A better response would have been "we run all responses through a second agent who validates that no content was added that wasn't in the original source". To say that you simply don't believe hallucinations apply to you tells me that you haven't spent enough time with this technology to be selling something to safety-critical industries.
I'm exploring a similar but unrelated use case for generative AI, and in discovery interviews, what I learnt was that site contractors and engineers do not request or expect 100% accuracy, and leave adequate room for doubt.
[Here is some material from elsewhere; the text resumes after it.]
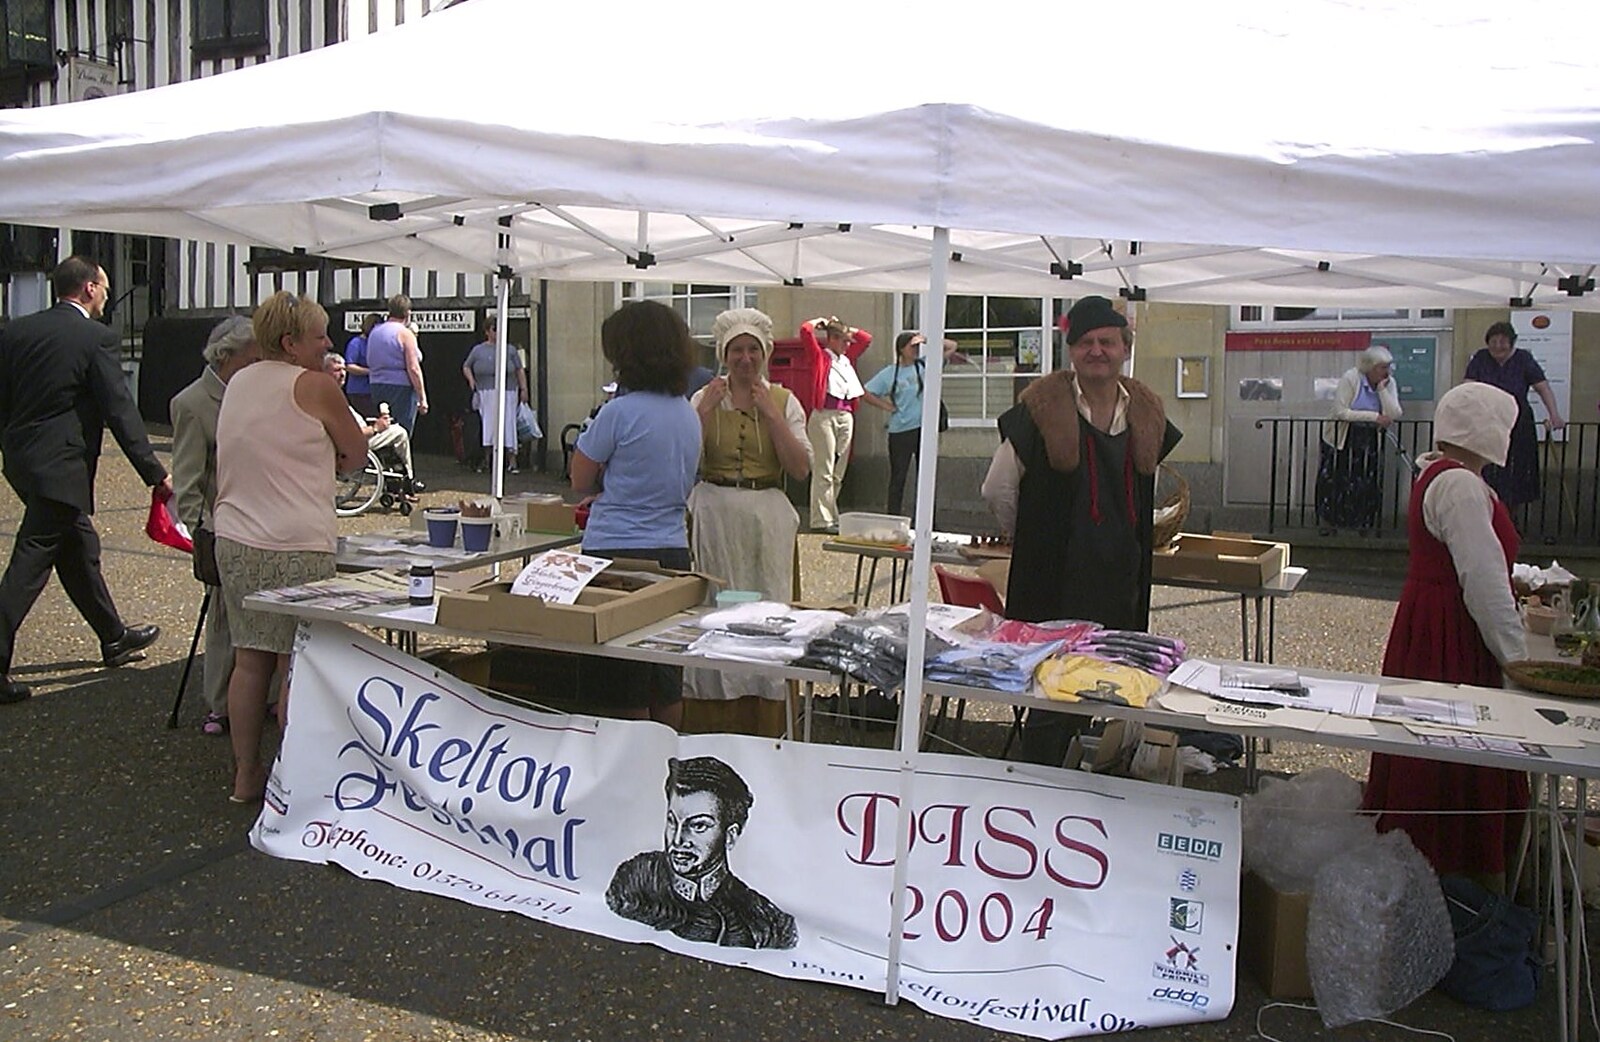 A tee-shirt stall from Andrey Leaves Trigenix, More Skelton Festival and a Transit of Venus, Cambridge and Diss - 4th June 2004

For them, it's the hours and hours of manually writing down a TON of paperwork, which in some industries is often months and months of work written by some of the poorest communicators on the planet. Because these tasks end up consuming so much time, they forgo the correct methodology and some even tend to fill up some reports with random bullshit just so that the project moves forward - in most cases, this writing work is done for liability concerns as mentioned above, rather than for the purposes of someone actually going through it. If the writing part is cleared for many of these guys, most wouldn't have a problem with the reading and correcting part.
I'm sorry if my comment came across as nitpicky; it's just that every time I try to do some actual work with LLMs (that's not pure creativity, where hallucination is a feature) it never follows prompts exactly, and goes fast off the rails. In the context of construction work, that sounded dangerous. But happy to be proved wrong.
Exactly. Oftentimes reports are filled with nonsensical documentation that are only discovered during the discovery process of litigation after a disaster has already happened. For example, from a real safety report at a chemicals facility, there was an instance of a report stating that under high valve pressure "many bad things will happen". Not joking, literally quoted verbatim.
Most companies' legal teams would love to have their engineers write proper documents and most engineers would love to not spend time on documentation. GenAI can fill that gap by at least giving a baseline starting point which can be edited further for a fraction of the time than writing from scratch.
It's not that trades are super complicated in comparison to other fields like web development, it's that there's no GitHub, no source shared among all pros like "here's what I did and how I got it to work." Without a good stack overflow how does the AI judge the quality of workmanship in photos?
You are absolutely right, btw, about google drives and one drives and hundreds of photos and all that. My experience is in dealing with general contractors on smaller jobs, not supers on mega projects, but they have similar issues. Lots of sloppy back and forths and poor tracking of change orders, etc,
What Im trying to say, since I sort of rambled there, is that while processing and sorting and making punchlists is a good idea, I have doubts about AI's current ability to accurately spot code(as in building code, which unlike JavaScript varies by zip code) issues. Does the AI know that you dont have enough clearance at X or does that have to go into the recording?
that's the correct focus, IMO; let the experts be experts rather than pretend that LLMs are all-knowing
nicely done
It is almost always impossible to get someone to repair right away. The supply is nowhere near demand, so it is a problem worth solving IMO.
Anyway, I've been running around compiling and recompiling photos and punchlists, and my reaction was "Coool!"
I'm not your target audience but I have to imagine the people that are would get utility out of this.
If I could make one recommendation: hire a UX/UI designer ASAP. The less technical the audience, the more intuitive and easy to navigate the UI needs to be.
Our company focuses on home service businesses and they get roadblocked super easily. I think you'll be glad you did it earlier rather than later. Otherwise, the ux debt will pile up and it will be quite a project a year down the line.